▶ [Data]
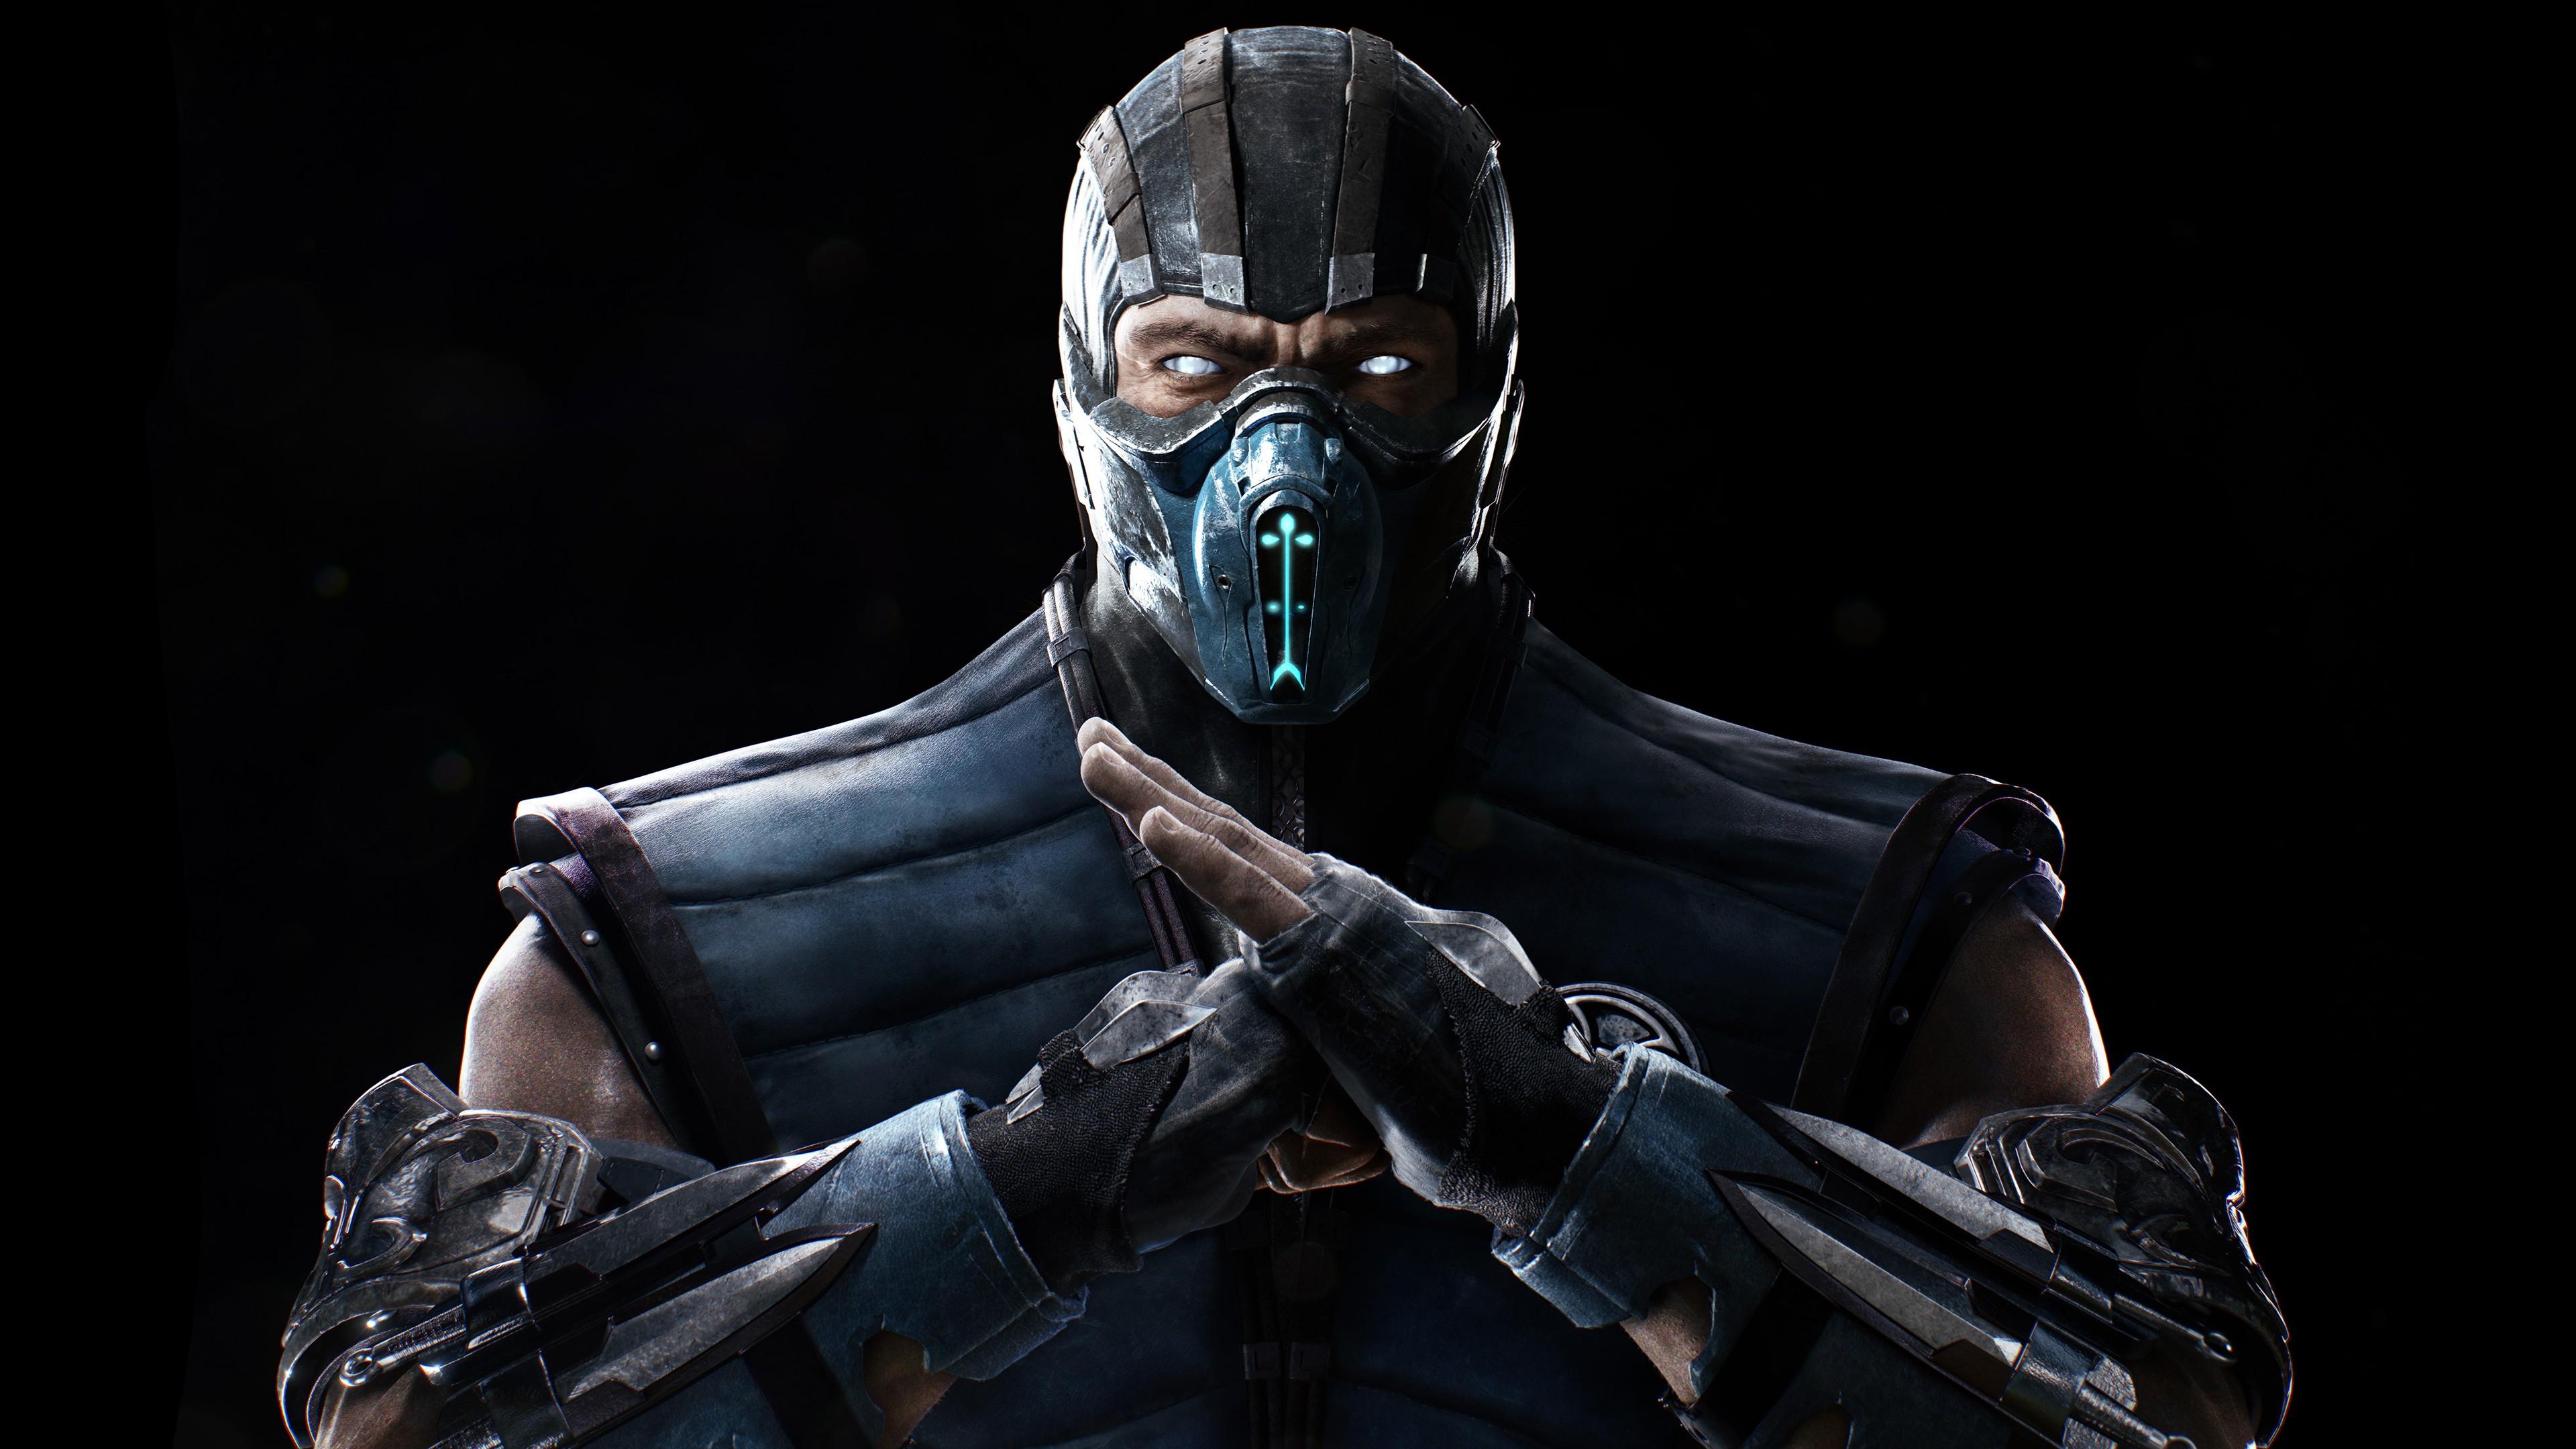 Mortal Kombat X Wallpapers Hd Iphone Mortal Kombat X Sub Zero 4k 5k Wallpapers Hd Wallpapers
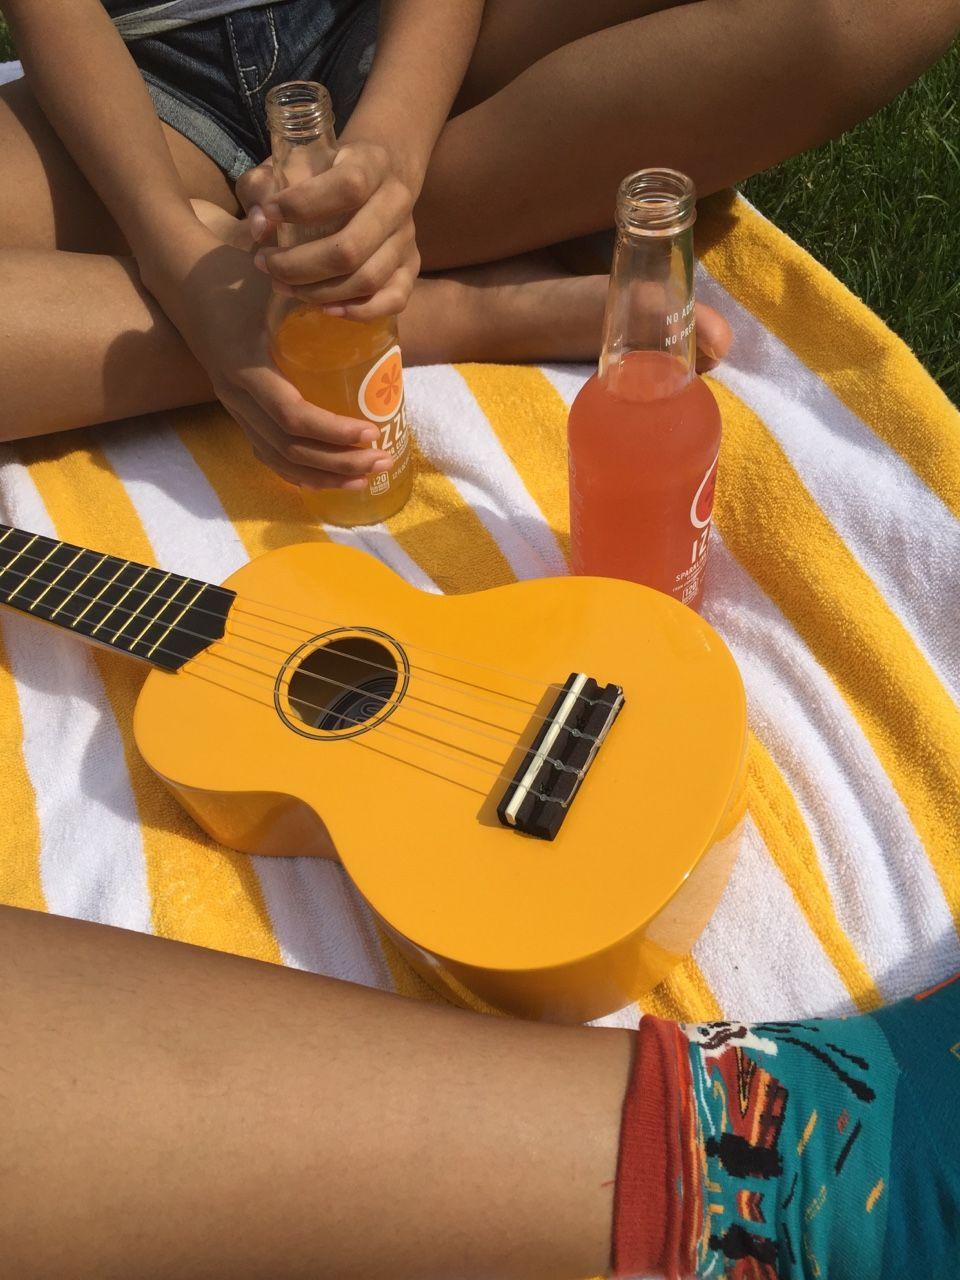 nike air force 1 black ukulele tumblr png images
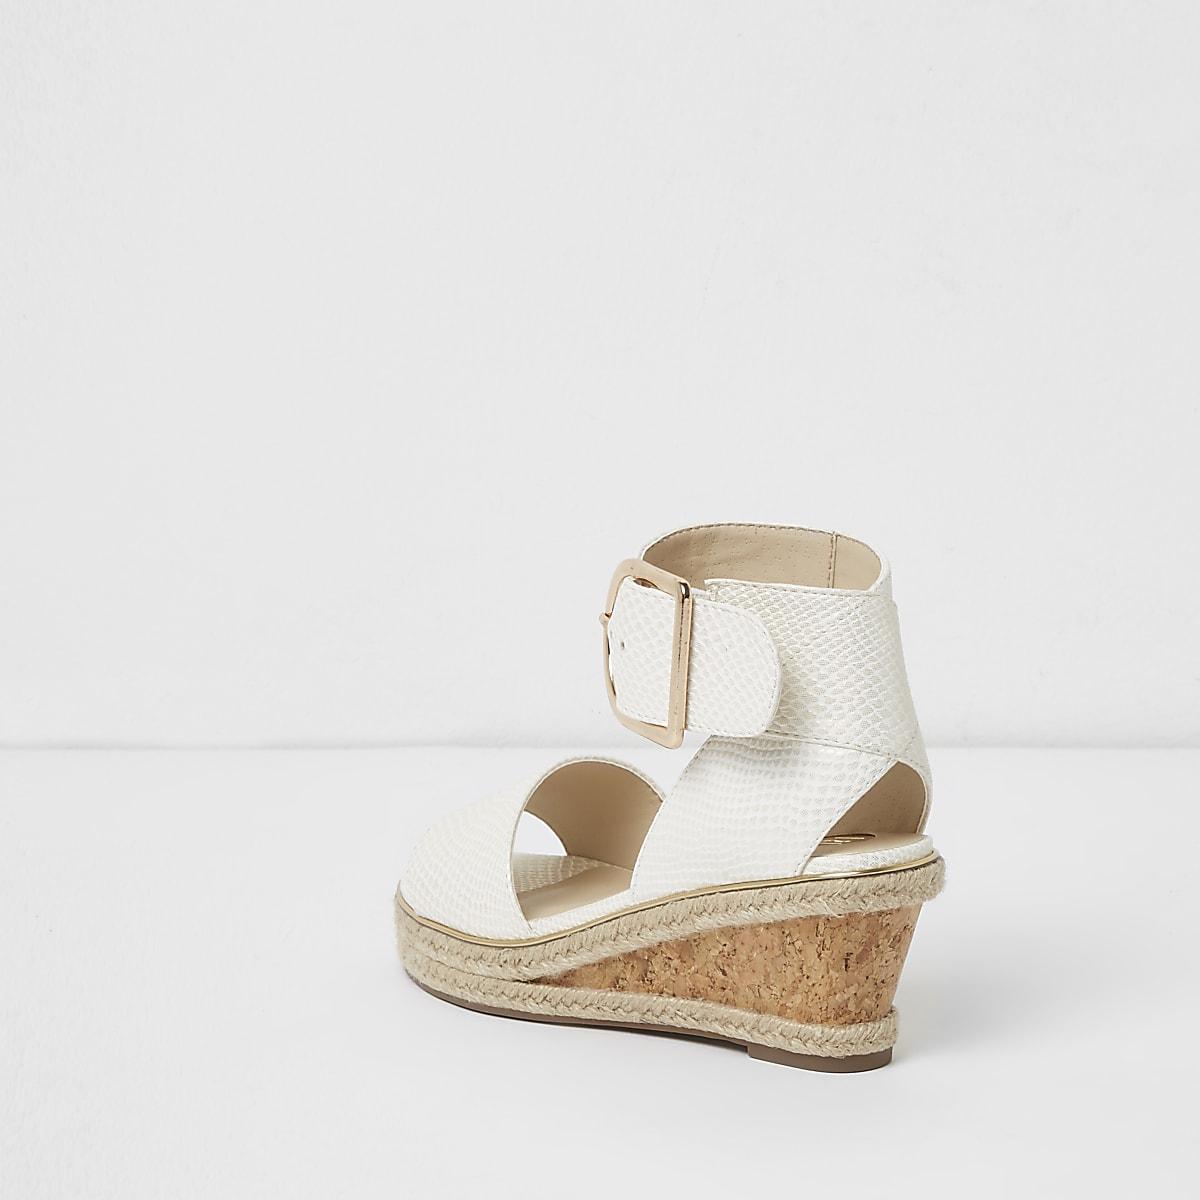 4f52b1faede8 Girls white snake embossed espadrille wedges - Sandals - Footwear ...

▶ [Problem] Write every line of the data out again exactly, leaving out all images.

▶ [Answer for this exercise]
 Mortal Kombat X Wallpapers Hd Iphone Mortal Kombat X Sub Zero 4k 5k Wallpapers Hd Wallpapers
 nike air force 1 black ukulele tumblr png images
 4f52b1faede8 Girls white snake embossed espadrille wedges - Sandals - Footwear ...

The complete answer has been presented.